Learning Genomic Structure from $k$-mers
- URL: http://arxiv.org/abs/2505.16680v1
- Date: Thu, 22 May 2025 13:46:18 GMT
- Title: Learning Genomic Structure from $k$-mers
- Authors: Filip Thor, Carl Nettelblad,
- Abstract summary: We present a method for analyzing read data using contrastive learning.<n>An encoder model is trained to produce embeddings that cluster together sequences from the same genomic region.<n>The model can also be trained fully self-supervised on read data, enabling analysis without the need to construct a full genome assembly.
- Score: 2.07180164747172
- License: http://creativecommons.org/licenses/by/4.0/
- Abstract: Sequencing a genome to determine an individual's DNA produces an enormous number of short nucleotide subsequences known as reads, which must be reassembled to reconstruct the full genome. We present a method for analyzing this type of data using contrastive learning, in which an encoder model is trained to produce embeddings that cluster together sequences from the same genomic region. The sequential nature of genomic regions is preserved in the form of trajectories through this embedding space.

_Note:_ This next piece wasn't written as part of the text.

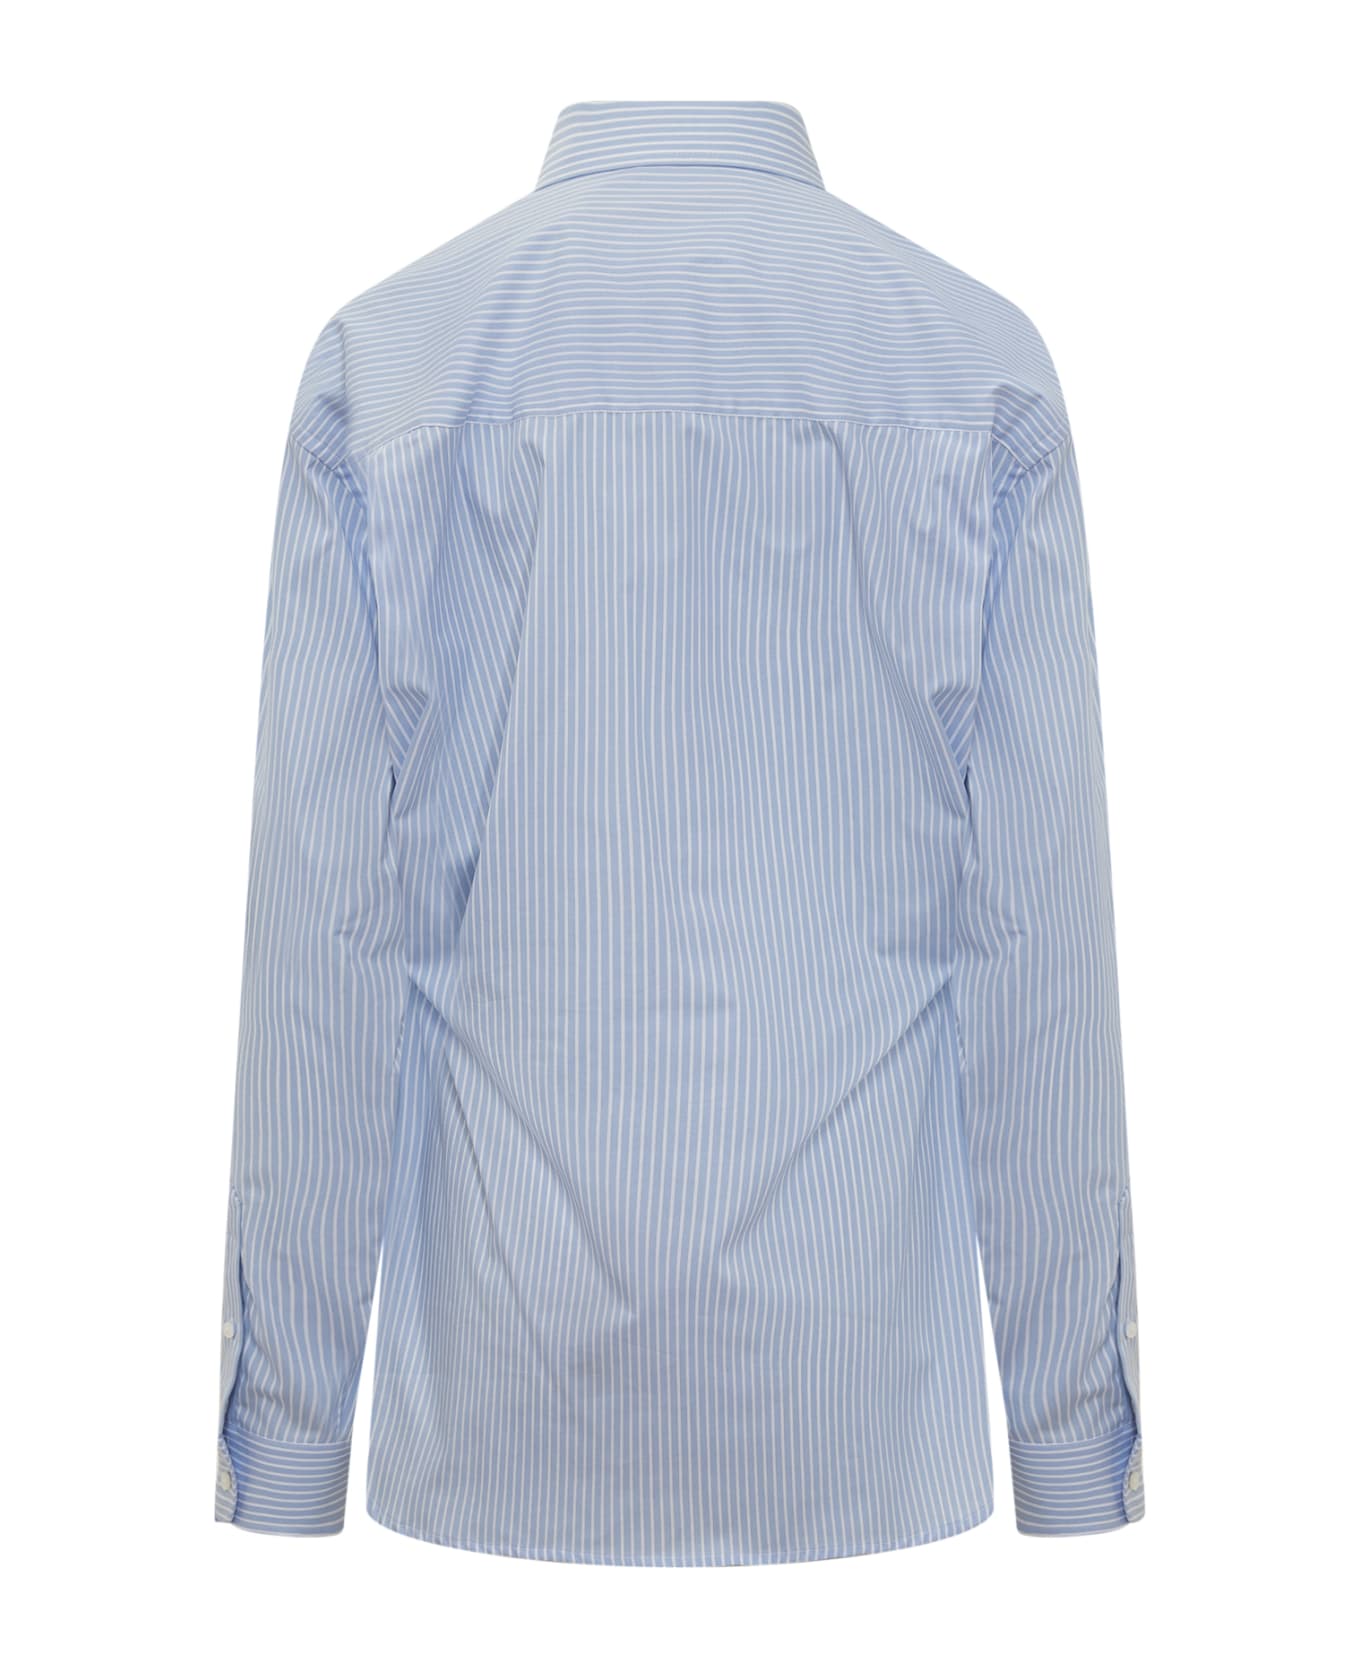 DARKPARK Anne Tailored Shirt - BLUE/WHITE シャツ

Trained solely to reflect the structure of the genome, the resulting model provides a general representation of $k$-mer sequences, suitable for a range of downstream tasks involving read data. We apply our framework to learn the structure of the $E.\ coli$ genome, and demonstrate its use in simulated ancient DNA (aDNA) read mapping and identification of structural variations. Furthermore, we illustrate the potential of using this type of model for metagenomic species identification. We show how incorporating a domain-specific noise model can enhance embedding robustness, and how a supervised contrastive learning setting can be adopted when a linear reference genome is available, by introducing a distance thresholding parameter $\Gamma$. The model can also be trained fully self-supervised on read data, enabling analysis without the need to construct a full genome assembly using specialized algorithms. Small prediction heads based on a pre-trained embedding are shown to perform on par with BWA-aln, the current gold standard approach for aDNA mapping, in terms of accuracy and runtime for short genomes. Given the method's favorable scaling properties with respect to total genome size, inference using our approach is highly promising for metagenomic applications and for mapping to genomes comparable in size to the human genome.